You are on page 1of 2

45:01-54:00

Now the have the expressed form and thats ready, and you could even upload them
as you wish and all you have to do is fill it up.

So assuming now that we have all the articles and the by-laws, we will now submit it
with the SEC. The by-laws is just an internal procedure among the stockholders and
directors of the corporation. It contains the internal rules, what rules would govern
the relationship among stockholders, what rules would govern the relationship
among officers and board of directors. It is not supposed to cover the relationship to
third parties. However, even if the public or third parties are not bound yet there
could be instances when third parties could insist the compliance of the by-laws.
They have the right to insist that the by-laws should be followed among themselves.

So thats how a corporation shall be organized. You have the articles and then by-
laws.
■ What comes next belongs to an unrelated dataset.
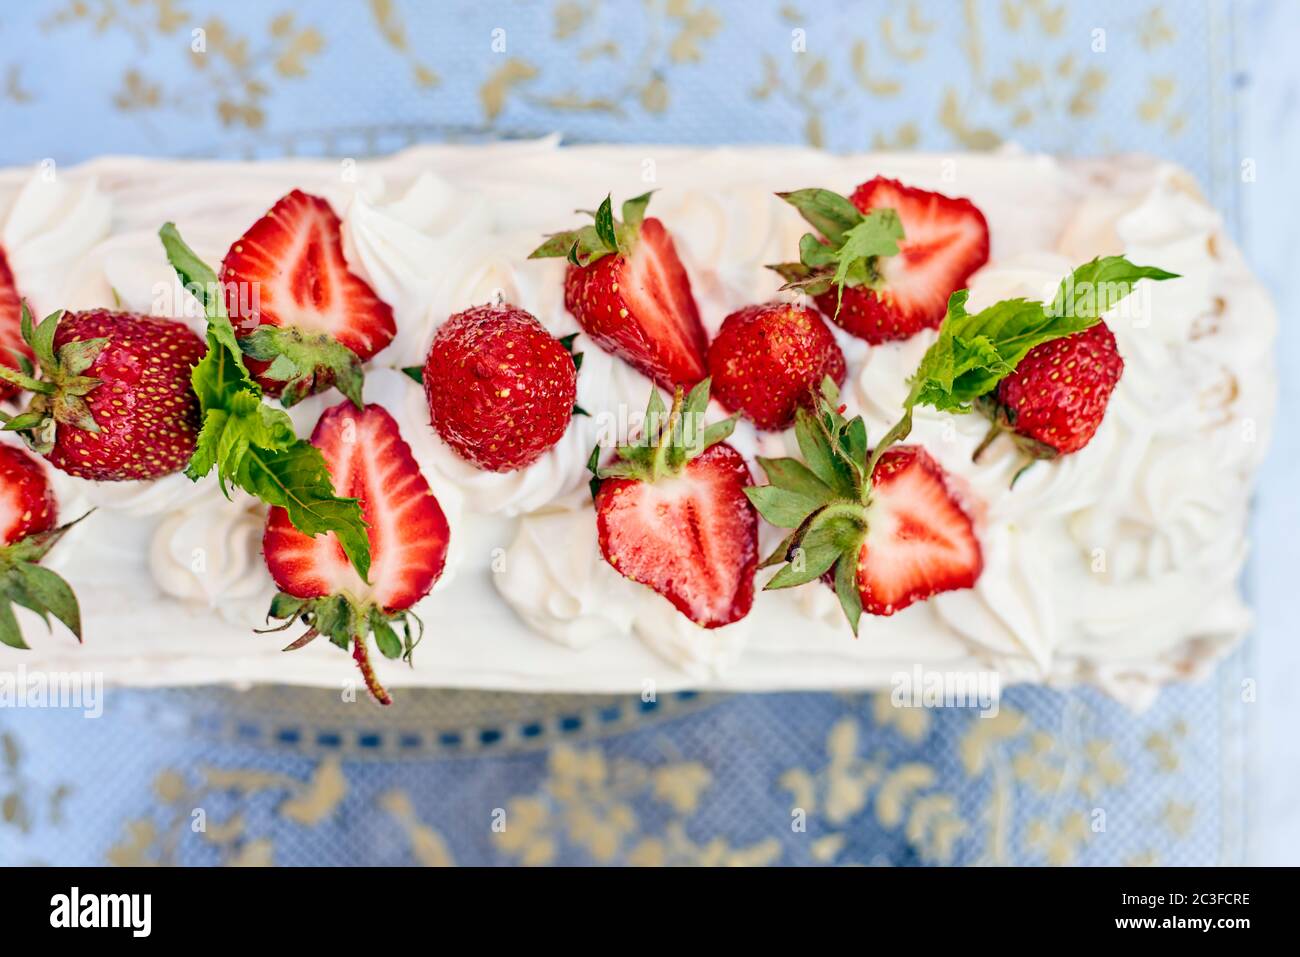 Freshly baked sweet strawberry Long-Cake Roll, also called Strawberry roulade Stock Photo

The by-laws would contain among others the list of officers of the corporation,
how are they supposed to be elected or selected, who are the directors, how many
and how should they be elected, how often should the stockholders meet, as well as
for the directors and the officers. The management is defined in the by-laws; you
may have the stockholders, board of directors, the board of officers and sometimes
the executive committee or the EX-COM. In here their functions and powers are
defined. So if you will notice the shareholders holds the power. While we said in
partnership that the partners are the managers, in a corporation, management is
vested in the board of directors. So the stockholders have nothing to do on how the
corporation will be run, operated or managed. But the members of the board are
elected by the stockholders themselves, so its an indirect way of managing the
corporation. So that the shareholders still control the board of directors, such that
the latter gets the authority from the election. However, while there is indirect
management, the stockholders cannot interfere on how the corporation shall be
managed. Once they elect the board of directors, the directors are on their own and
the shareholders have no authority to interfere and dictate the board on how the
corporation will be managed. So that here the only way that the shareholders will
have authority and control over the directors is only through the elections. Because
the theory of the law is that the power given to the board of directors does not come
from the shareholders. The power and authority granted to the board comes from
the state itself because it is the state that created the corporation, it is the state that
grants the power to the corporation and to the board. Whatever is the business
judgment of the board, it shall prevail. That is what we call the business-judgment
rule.

Can the stockholders question the decision of the board? No. You have no authority
to question the decision of the board. Not even the court can dictate the board to
manage the business. The board has the sole authority on the management of the
business.
Imagine if the shareholders can interfere in the management of the business and
there are thousands of shareholders, it would be very messy if they still have to
consult all shareholders on by one just to buy a company car.

We do not however mean that the board can do whatever they want, we are only
referring to the management decision of the board. We are not saying that the board
could commit, violate, or even enforce its objective or intention to commit a crime.
We cannot enforce the decision of the board if that decision violates taxation laws,
the board cannot say that it is business decision of the board to pay only 10% of our
taxes. When taxes are due, taxes will have to be paid in accordance with the Internal
Revenue Code. Business-judgment rule refers to business decisions.